Add support for ingesting and returning data in the Apache Arrow format #16664

jayaskren · 2024-11-18T02:34:54Z

Is your feature request related to a problem? Please describe

At work, I am making dashboards related to the work all of our servers are processing at any given time. I am severely limited by how many data points I can add to a given dashboard. Either I need to filter the number of servers, limit the the time window to days or even hours, or severely aggregate the data so we lose all context. I have a prototype using Vega doing what I want to do at work, but our dashboard cannot handle that much data even though Vega doesn't have a problem with it and the dashboard supports Vega.

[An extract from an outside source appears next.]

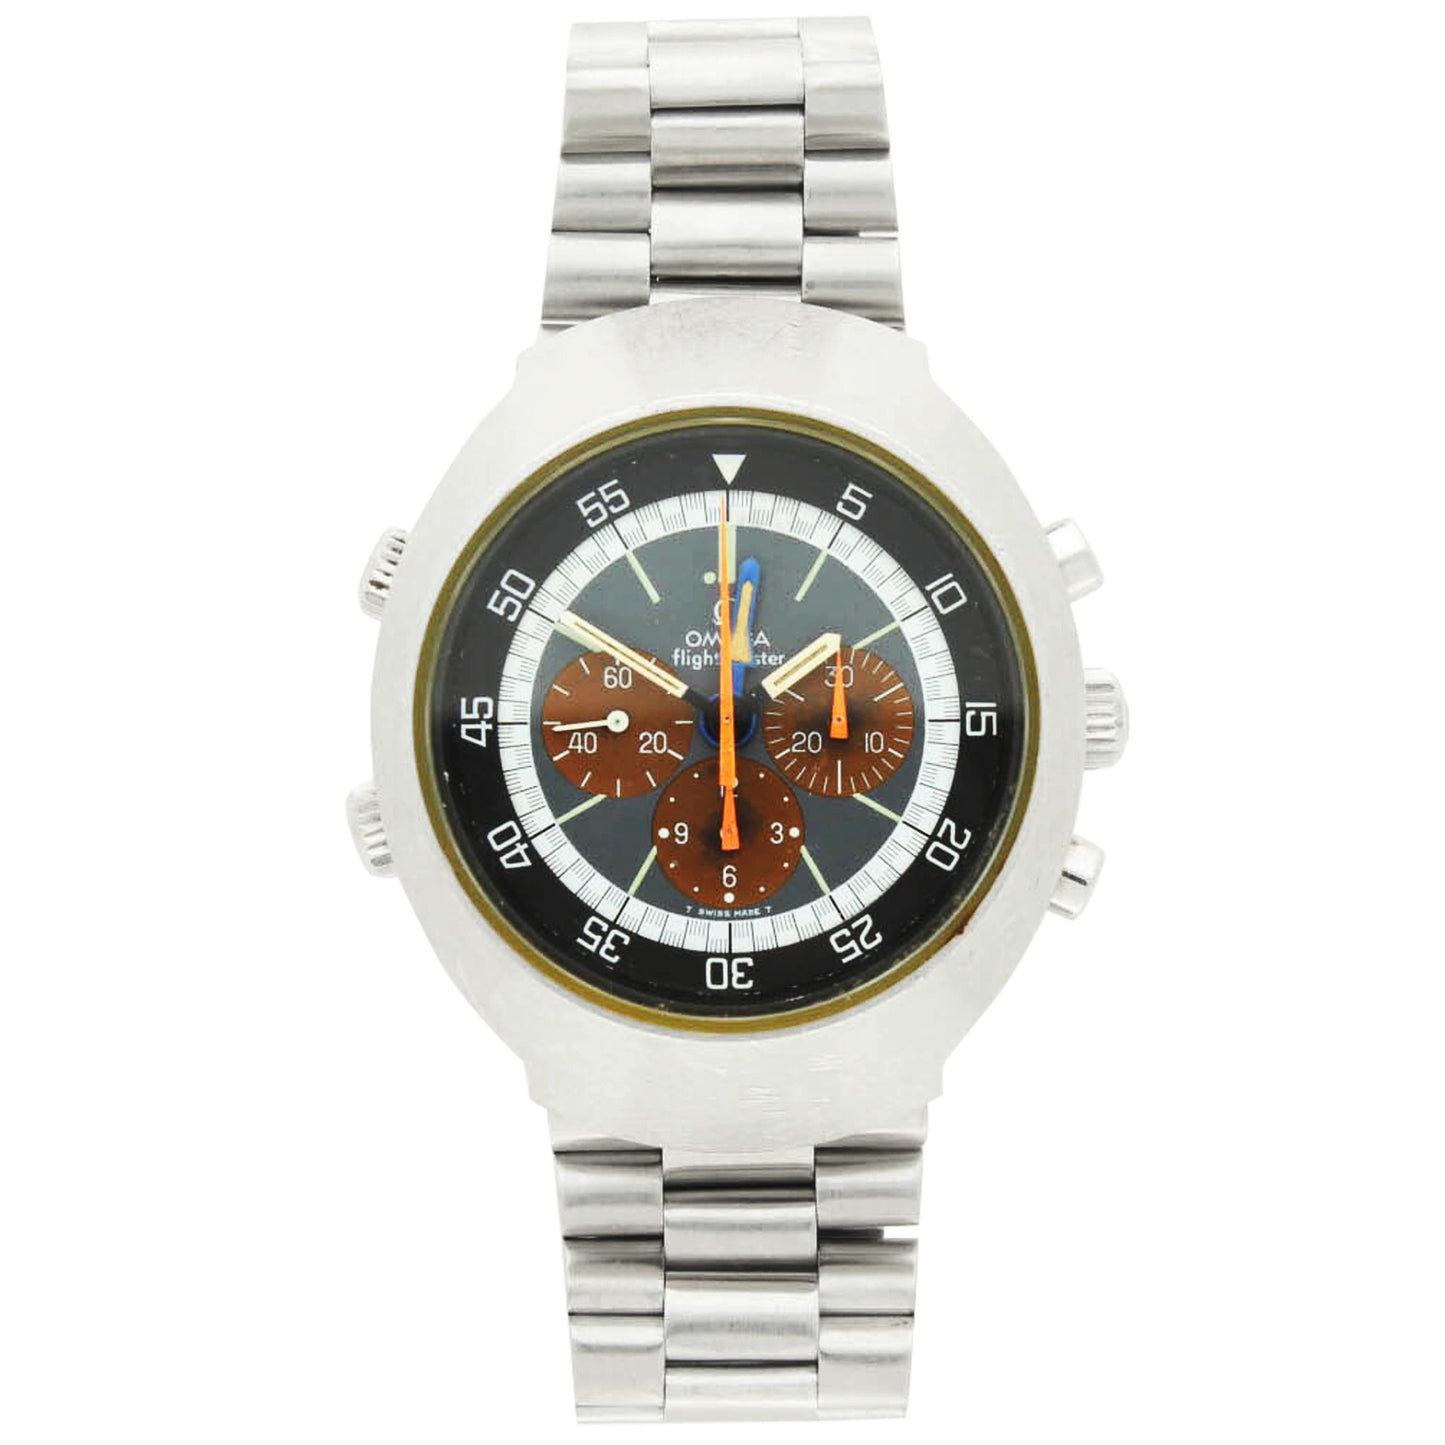 Stainless steel 2nd generation Flightmaster chronograph wristwatch. Made 1975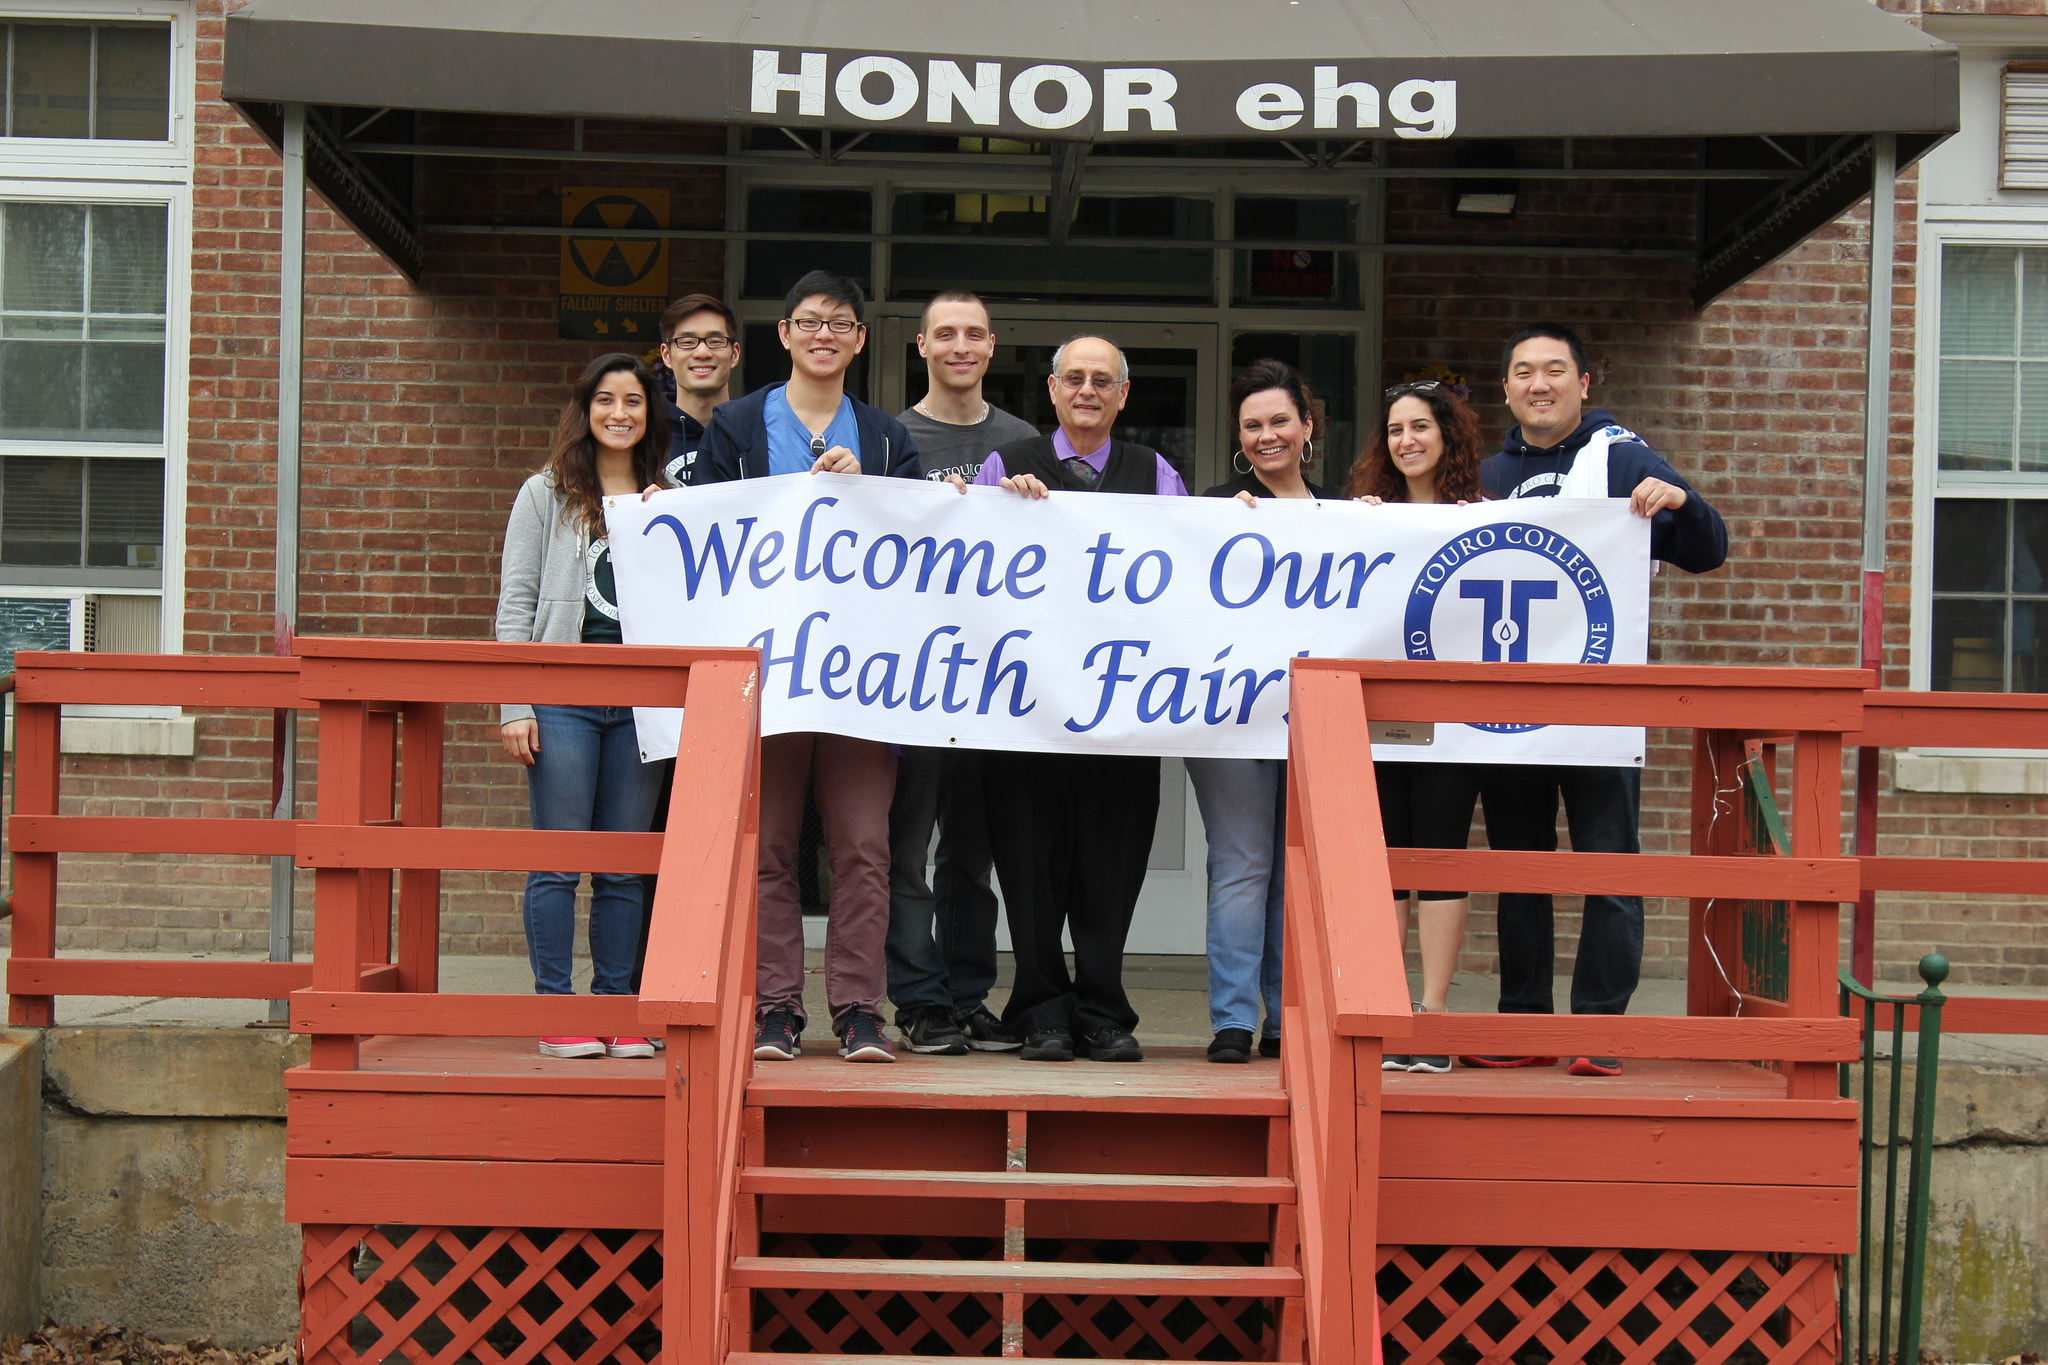 TouroCOM-Middletown students pose in front of the HONORehg building in Middletown, NY, where they held their first community health fair.

Describe the solution you'd like

I want to be able to scale up my visualizations. If OpenSearch offered the ability to return data in the Apache Arrow format, we could handle a lot more data on the frontend via Vega. Other visualization technologies on the frontend could also potentially take advantage of Apache Arrow. Here is a discussion of using Vega with Apache Arrow: https://observablehq.com/@theneuralbit/introduction-to-apache-arrow

While we are at it, it shouldn't be difficult to add the ability to ingest Apache Arrow data while I am at it. I am happy to work on the implementation especially if someone can point me architecturally to where the code would go and what interfaces it would need to implement.

Related component

Search:Performance

Describe alternatives you've considered

I have built my own custom visualizations, but it would be nice if opensearch could handle this out of the box rather than me needing to go to another tool

Additional context

Although it uses different technology, here is a prototype of the idea that I built several years ago:
https://d2xis0feu0l7hz.cloudfront.net/index.html

It uses D3 on the frontend and my own columnar format as the data format. As a POC, I was able to display a table of 10 million rows of finance data. I also have a chart in which D3 aggregates all 43 million rows of data. For comparison, Excel has a limit of 1 million rows, and Google Docs has a limit of 10 million cells. Apache Arrow should be a good replacement for my columnar format to make the solution more standard.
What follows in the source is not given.